(Data in this exercise begins)

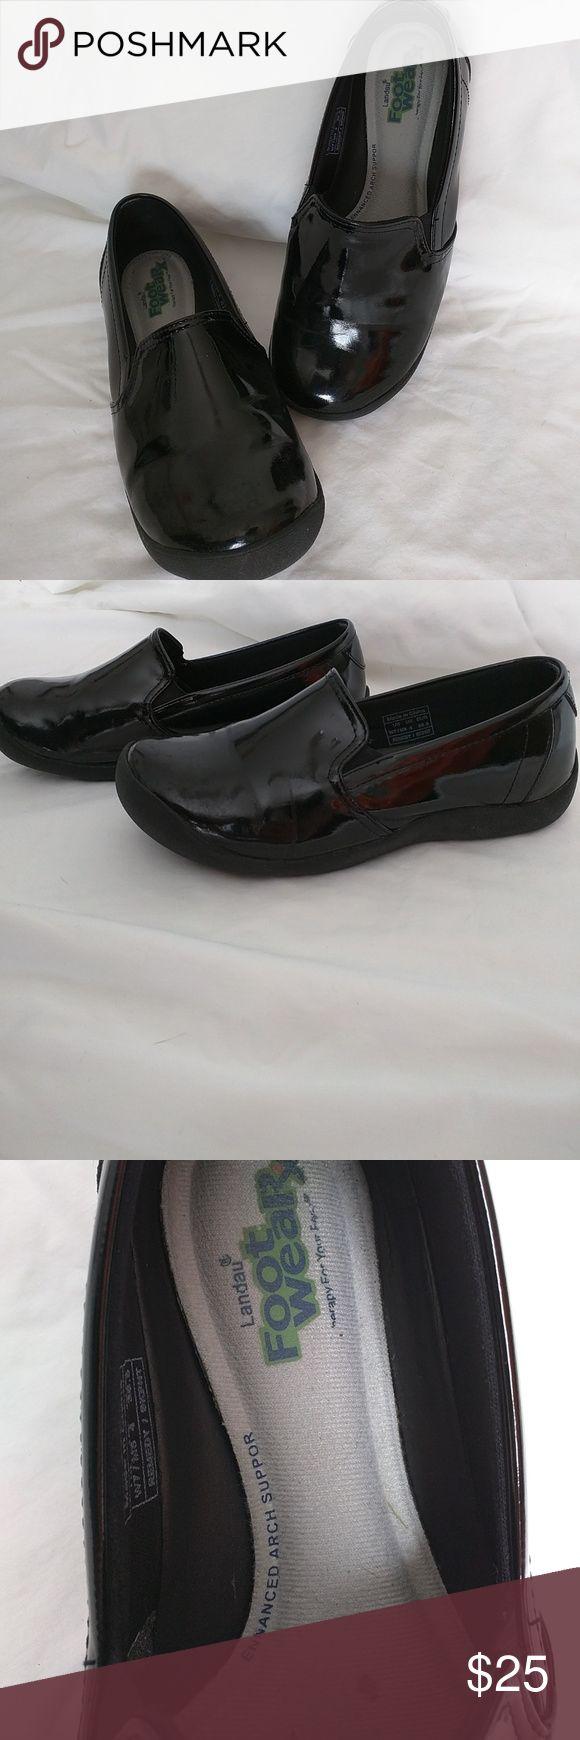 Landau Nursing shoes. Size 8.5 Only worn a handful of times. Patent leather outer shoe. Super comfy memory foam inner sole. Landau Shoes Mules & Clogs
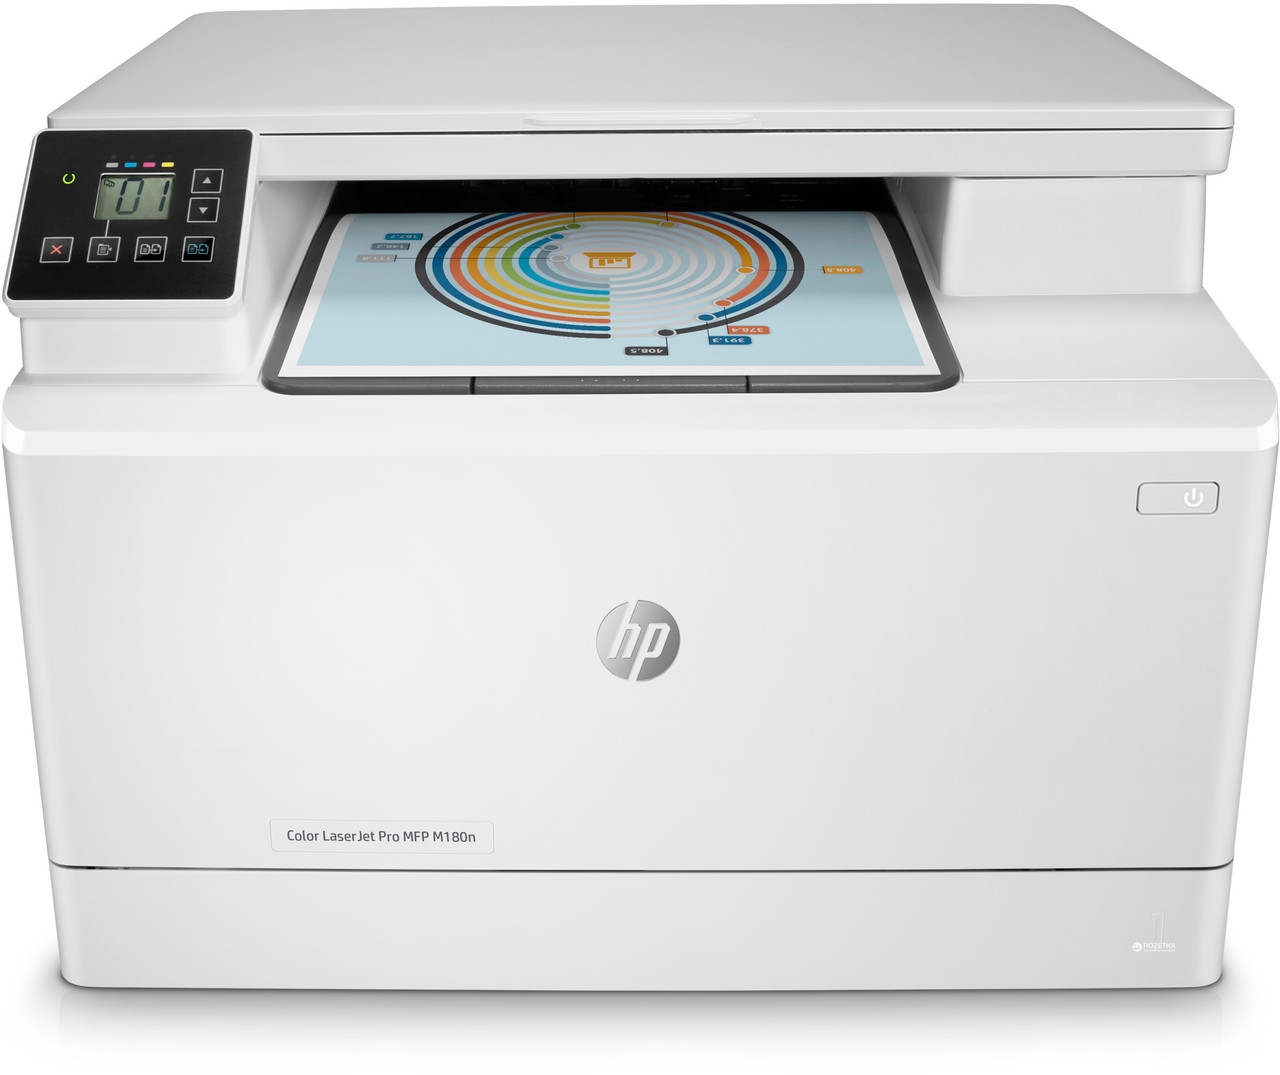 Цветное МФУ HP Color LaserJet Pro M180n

(Data in this exercise ends)
(Data in this exercise begins)

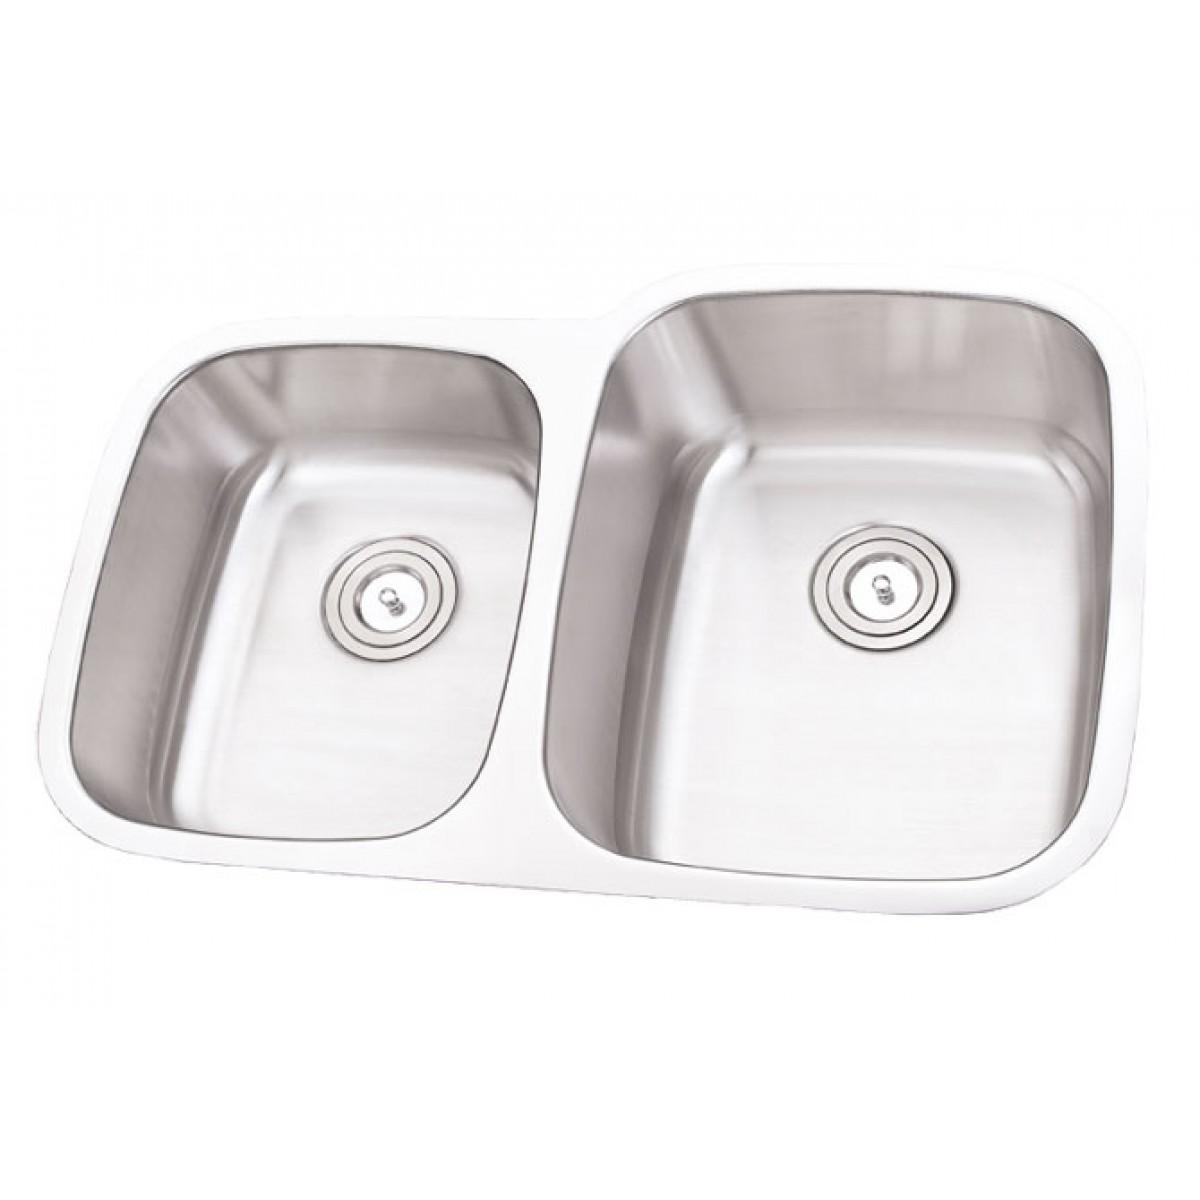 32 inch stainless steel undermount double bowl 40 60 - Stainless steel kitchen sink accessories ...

(Data in this exercise ends)

> **Required work**
Leaving all pictures out, output exactly the lines of the material above from the line with "Landau Nursing shoes." to the line with "Цветное МФУ HP Color LaserJet Pro M180n", both included.

> **Task response**
 Landau Nursing shoes. Size 8.5 Only worn a handful of times. Patent leather outer shoe. Super comfy memory foam inner sole. Landau Shoes Mules & Clogs
 Цветное МФУ HP Color LaserJet Pro M180n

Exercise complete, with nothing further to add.